It is a clinically experienced and experimentally verified fact that if a particular drug substance in crude or molecular form can produce a specific train of symptoms in healthy persons, potentized form of that drug can cure diseases having similar symptoms. Actually, this observation is the basis of the concept of homeopathic ‘drug proving’ as well as ‘similia similibus curentur’.

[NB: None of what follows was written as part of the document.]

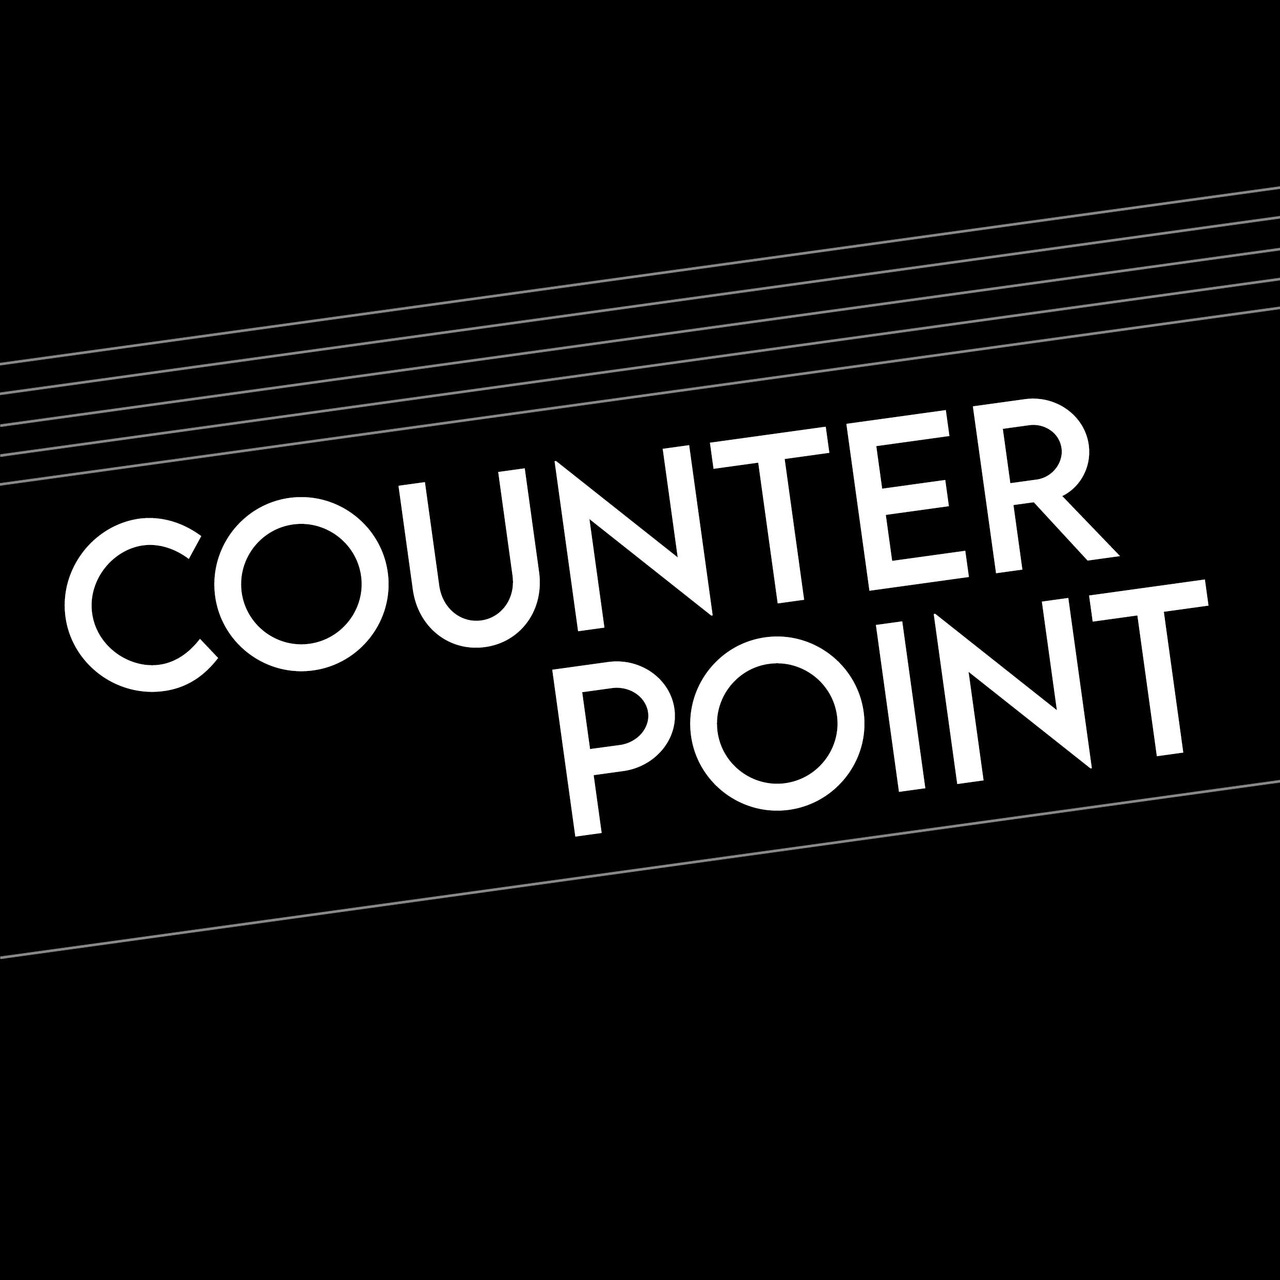 Artwork for COUNTERPOINT by Adam Lenson

In our everyday clinical practice, we have a lot of experiences with this OPPOSITE actions of crude drugs and their potentized forms. Using APIS MEL 30 for bee stings, anacardium 30 for antidoting anacardium poisoning, tabaccum 30 for removing bad effects of tobacco, cannabis 30 for cannabis addiction, use of histamine 30 in allergic complaints, use of pepsinum 30 in gastritis– there are actually hundreds of such empirical uses which are very successful.
Potentized forms of allopathic drugs are clinically used to remove the short-term or long-term bad effects of allopathic drugging. This method is known as tautopathy. Potentized forms of almost all allopathic drugs are available in market.

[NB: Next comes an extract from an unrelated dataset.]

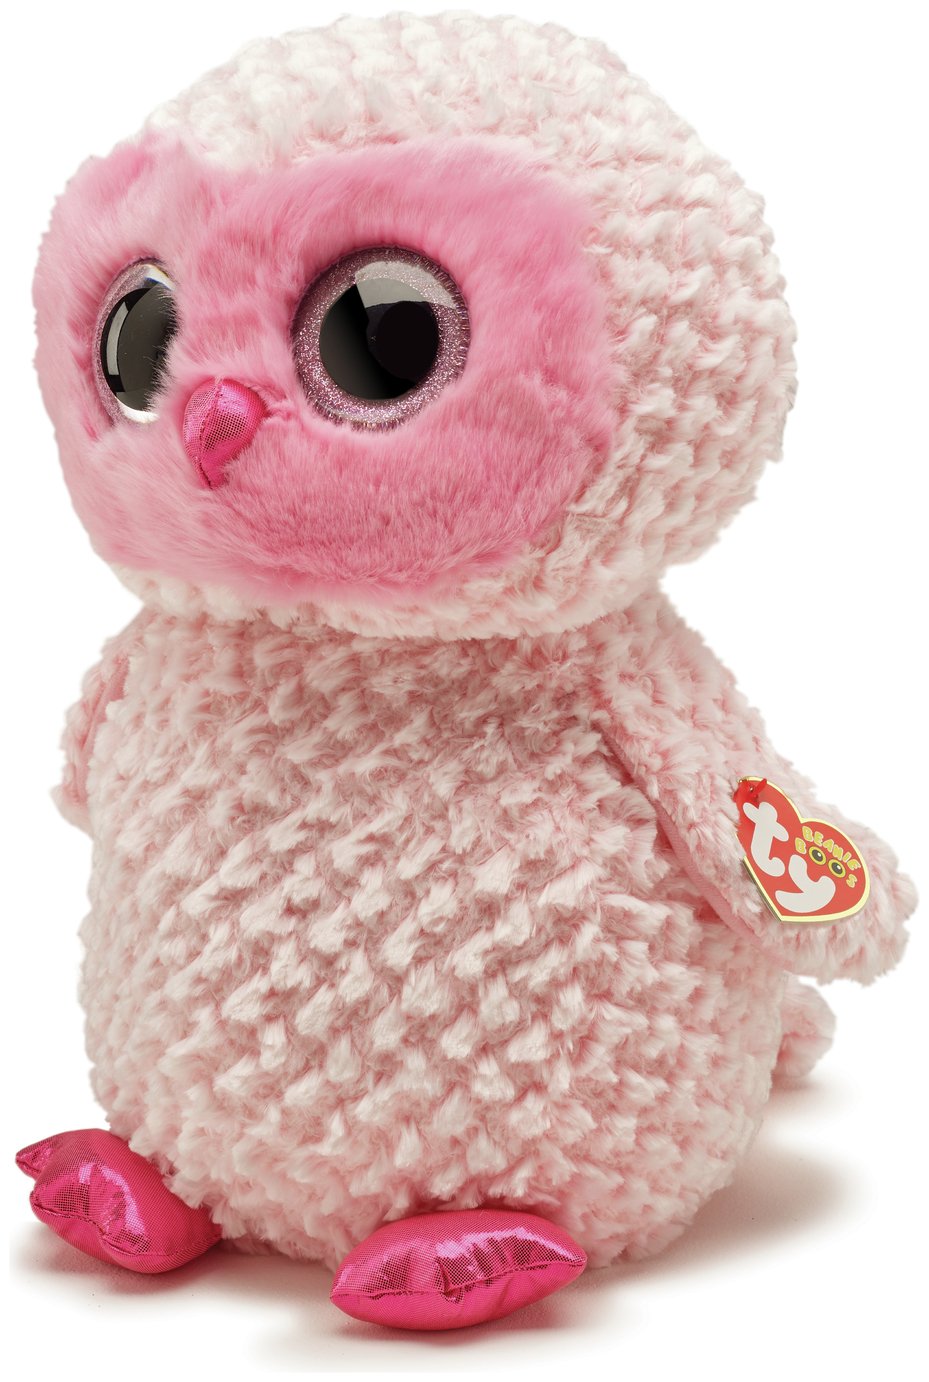 Ty Twiggy Large Beanie Boo Review

Many nosodes are successfully used by homeopaths on the basis of this knowledge of OPPOSITE actions of crude forms and potentized forms.
The famous researches conducted by team of Dr Anisur Rahman Khuda-Bukhsh of calcutta regarding the use of Arsenic Alb 30 in reversing arsenic toxicity, cadmium sulph 30 in reversing genotoxic effects of crude cadmium etc also ratify the validity of this observation.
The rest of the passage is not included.